TASK TO COMPLETE: Repeat verbatim, and only, the lines of the data below, beginning at the line that contains "Live casino with bonuses." and stopping after the line that contains "Дербентский район на карте Дагестана".

········

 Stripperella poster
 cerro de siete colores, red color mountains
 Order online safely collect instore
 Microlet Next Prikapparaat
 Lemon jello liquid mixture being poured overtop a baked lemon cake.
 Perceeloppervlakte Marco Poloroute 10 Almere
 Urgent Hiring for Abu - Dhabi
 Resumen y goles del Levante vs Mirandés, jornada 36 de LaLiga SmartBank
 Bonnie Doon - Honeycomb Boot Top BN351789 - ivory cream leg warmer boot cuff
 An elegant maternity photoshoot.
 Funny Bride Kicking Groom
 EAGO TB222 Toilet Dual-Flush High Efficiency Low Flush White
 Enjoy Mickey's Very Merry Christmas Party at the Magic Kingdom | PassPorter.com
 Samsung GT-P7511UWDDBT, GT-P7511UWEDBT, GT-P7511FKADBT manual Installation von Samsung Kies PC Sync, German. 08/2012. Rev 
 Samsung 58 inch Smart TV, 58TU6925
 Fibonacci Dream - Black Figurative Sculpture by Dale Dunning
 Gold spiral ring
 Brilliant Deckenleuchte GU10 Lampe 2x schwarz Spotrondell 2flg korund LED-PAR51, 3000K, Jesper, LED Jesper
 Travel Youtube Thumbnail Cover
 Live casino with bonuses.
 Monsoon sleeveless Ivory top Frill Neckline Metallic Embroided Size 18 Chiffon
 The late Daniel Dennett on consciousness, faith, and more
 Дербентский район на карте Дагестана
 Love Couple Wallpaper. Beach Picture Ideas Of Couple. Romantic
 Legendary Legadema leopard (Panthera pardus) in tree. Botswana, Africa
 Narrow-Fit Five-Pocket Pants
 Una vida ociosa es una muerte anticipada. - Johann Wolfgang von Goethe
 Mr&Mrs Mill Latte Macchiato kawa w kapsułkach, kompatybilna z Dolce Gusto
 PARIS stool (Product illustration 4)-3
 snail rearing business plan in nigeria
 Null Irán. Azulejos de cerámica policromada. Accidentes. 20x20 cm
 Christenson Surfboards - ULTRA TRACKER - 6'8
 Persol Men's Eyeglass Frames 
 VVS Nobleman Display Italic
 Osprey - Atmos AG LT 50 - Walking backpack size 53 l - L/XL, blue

········

EXPECTED ANSWER:
 Live casino with bonuses.
 Monsoon sleeveless Ivory top Frill Neckline Metallic Embroided Size 18 Chiffon
 The late Daniel Dennett on consciousness, faith, and more
 Дербентский район на карте Дагестана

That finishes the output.